Exercise objective
Begin at the top of the entries below and write out every line through the one containing "Buy Highlander Blue", excluding pictures.

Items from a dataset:
>>>
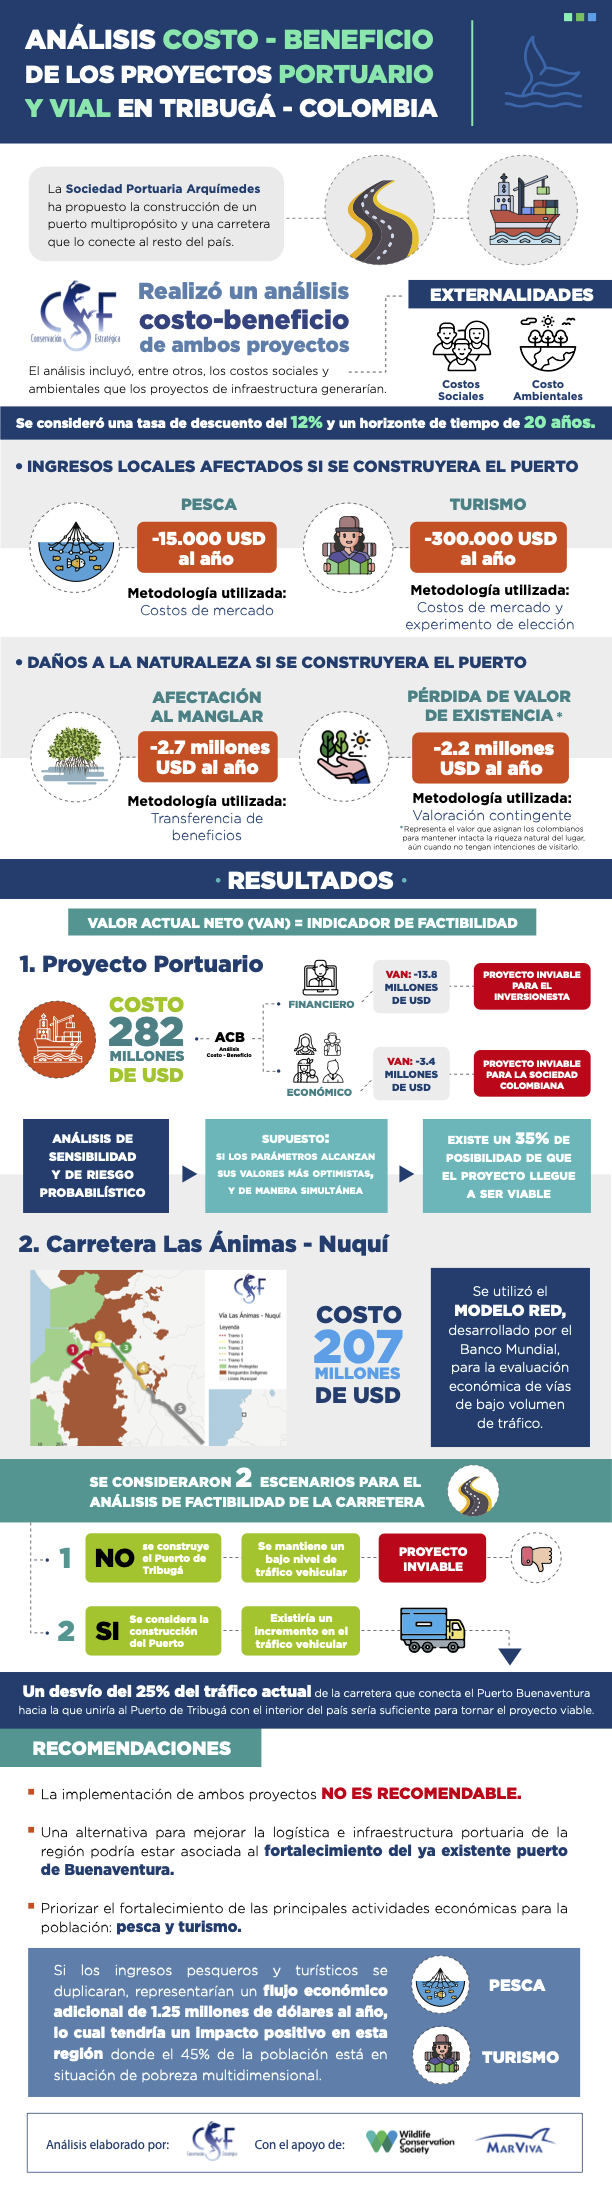 Análisis Costo Beneficio de los proyectos portuario y vial en Tribugá Colombia - Infografía
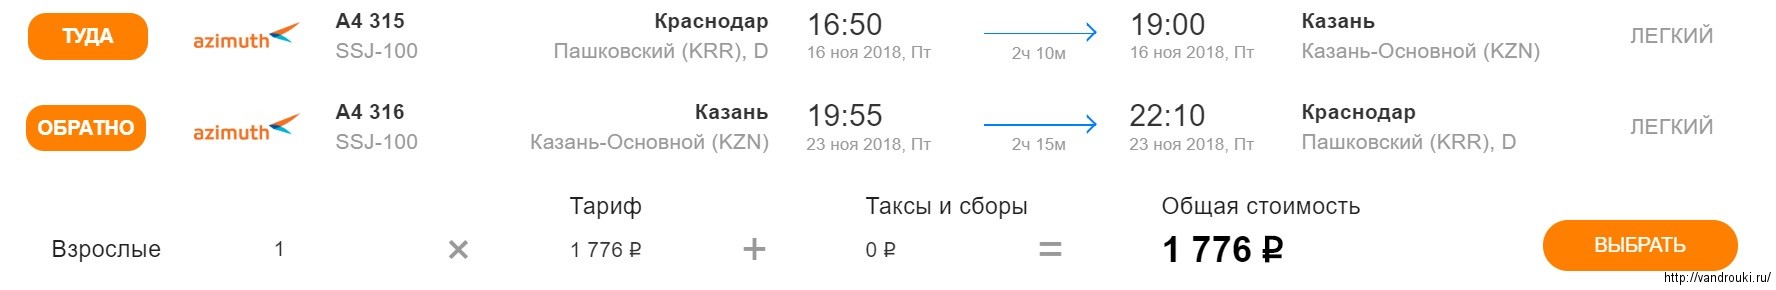 Билет на самолет из москвы в ростов билеты хабаровск ростов на дону на самолет
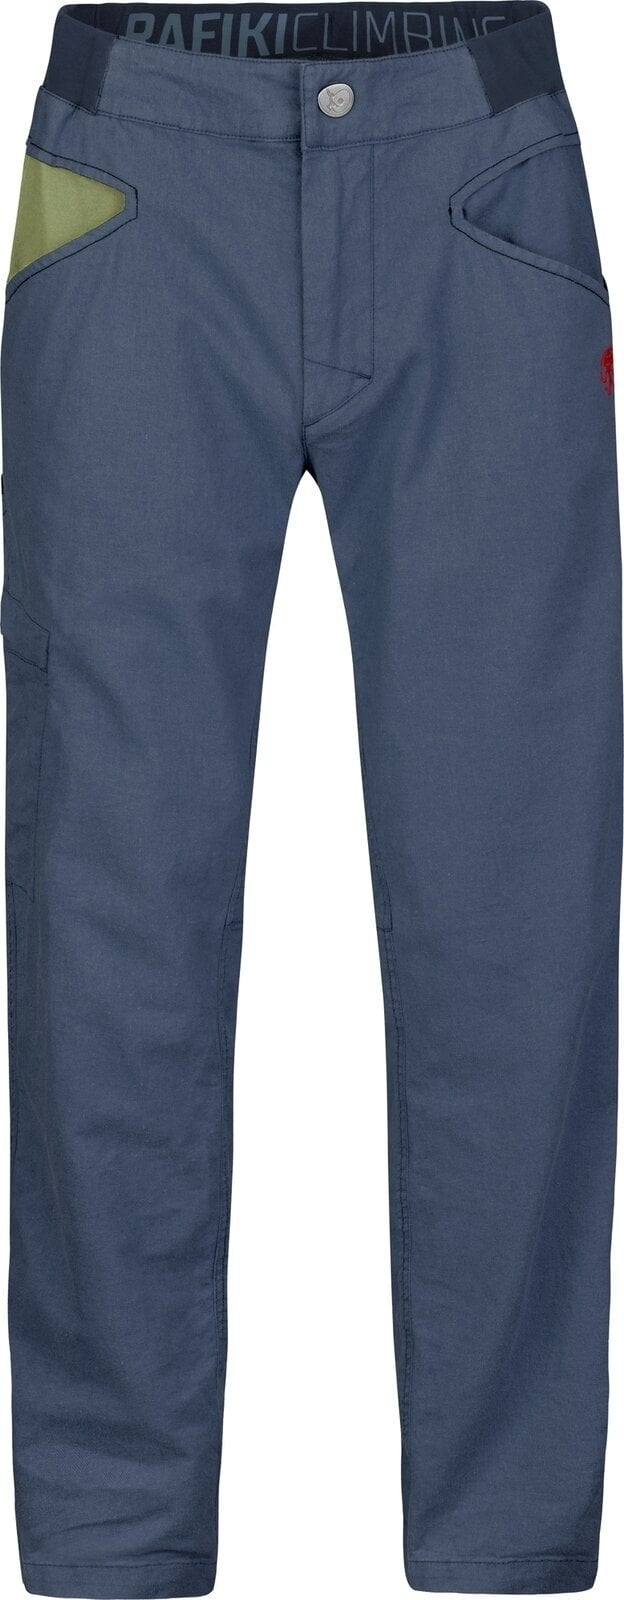 Spodnie outdoorowe Rafiki Grip Man Pants India Ink XL Spodnie outdoorowe
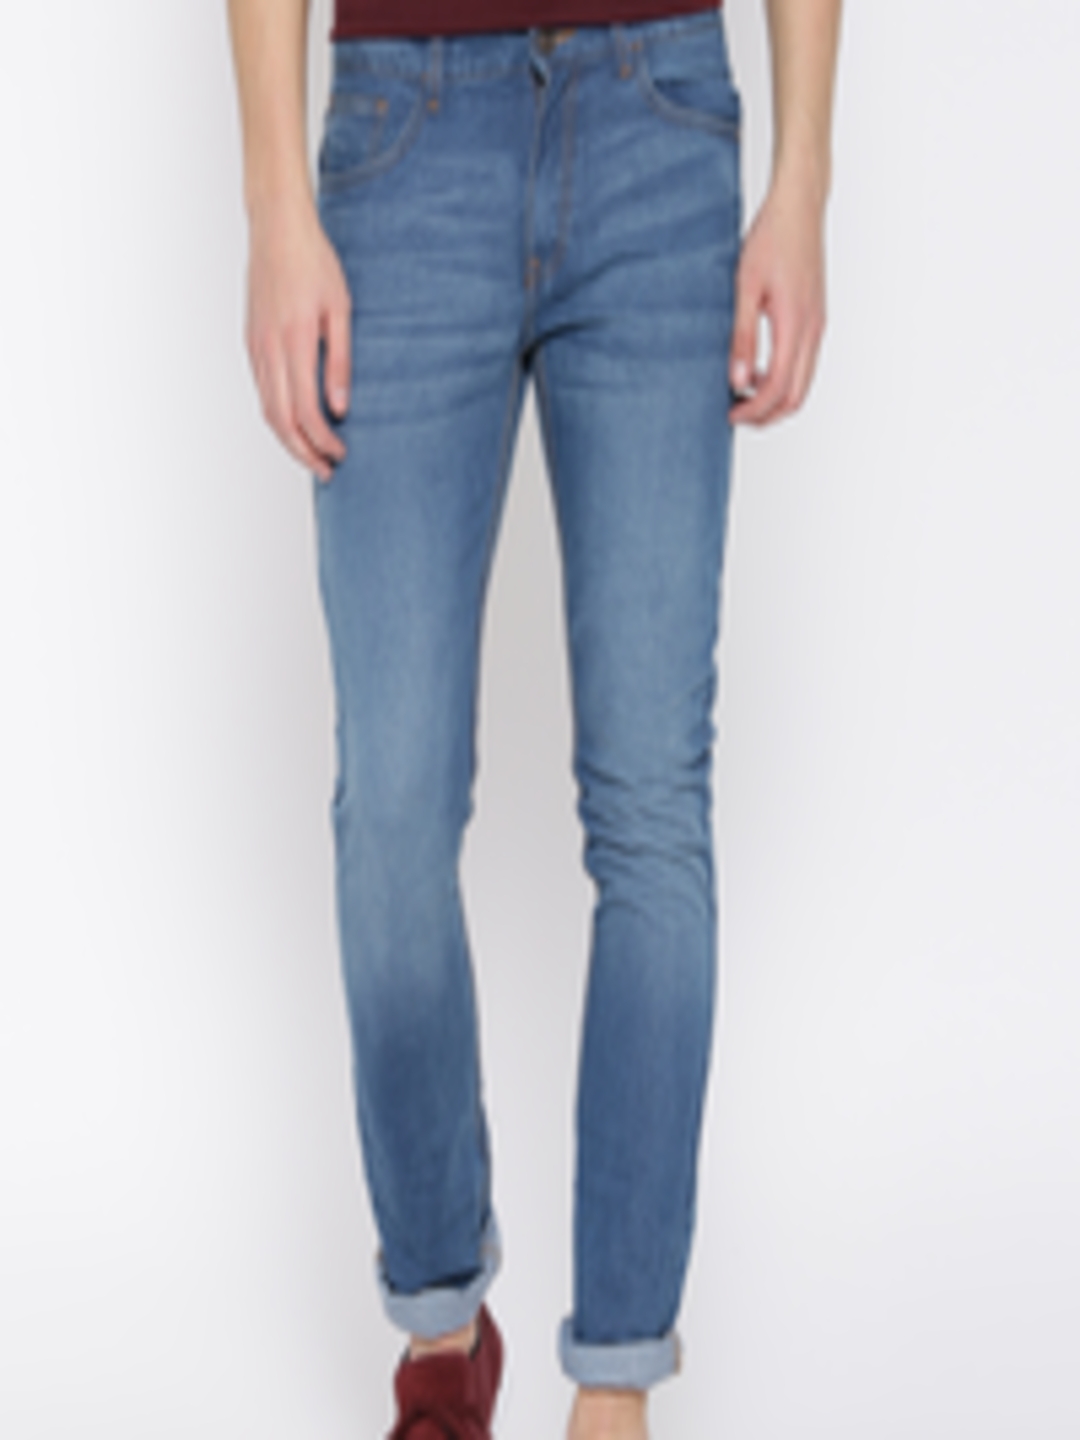 Buy Highlander Blue Slim Fit Jeans - Jeans for Men 1265379 | Myntra
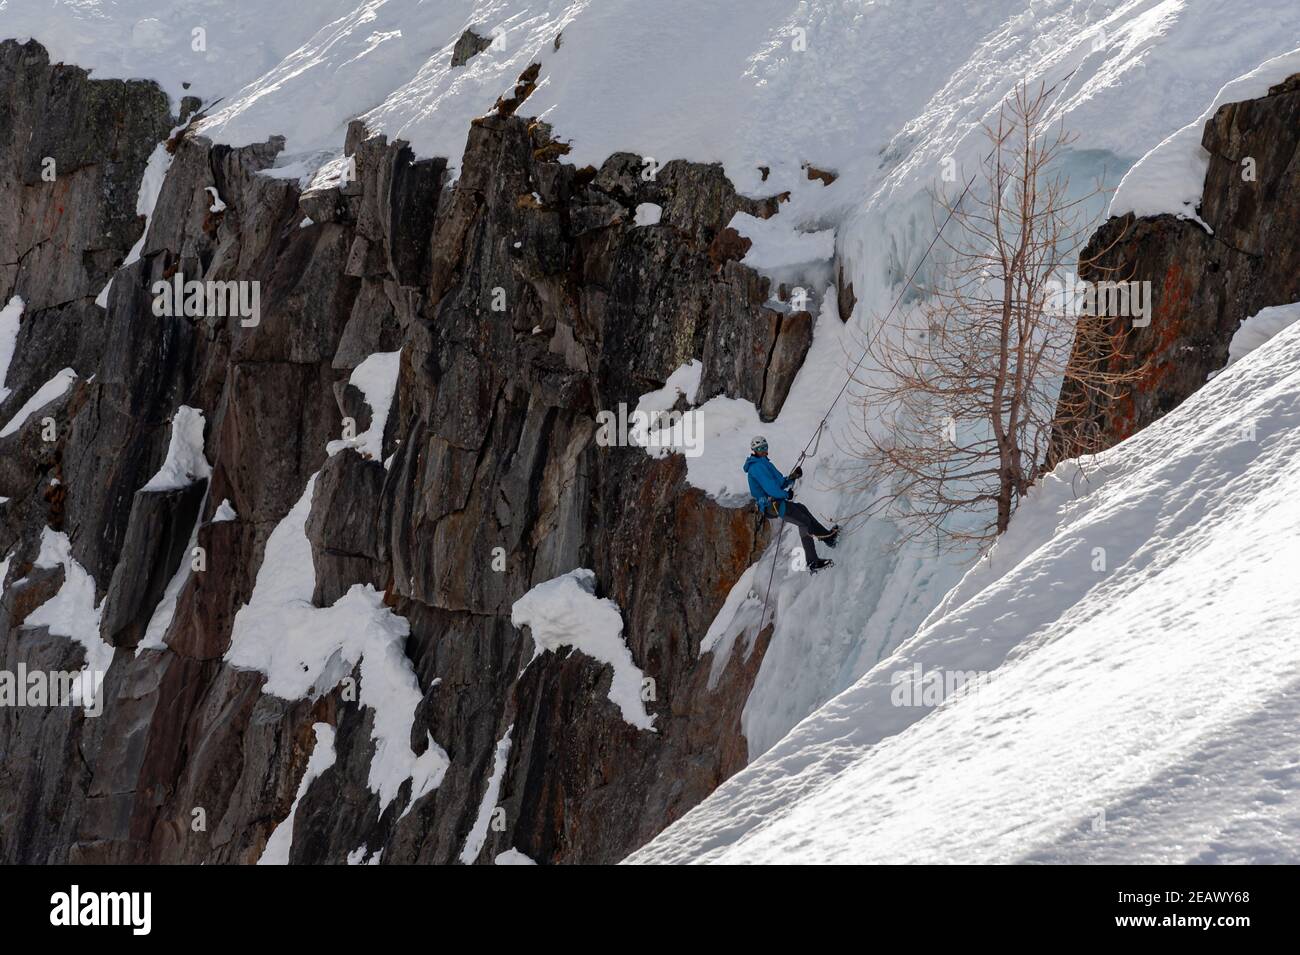 Argentiere, Frankreich - 13. März 2017: Ein Bergsteiger, der sich am sonnigen Wintertag auf den Grund des Eisfalls abseilt, um am Ende des Argentiere gla mit dem Eisklettern zu beginnen Stockfoto
<<<
Completed exercise
 Análisis Costo Beneficio de los proyectos portuario y vial en Tribugá Colombia - Infografía
 Билет на самолет из москвы в ростов билеты хабаровск ростов на дону на самолет
 Spodnie outdoorowe Rafiki Grip Man Pants India Ink XL Spodnie outdoorowe
 Buy Highlander Blue Slim Fit Jeans - Jeans for Men 1265379 | Myntra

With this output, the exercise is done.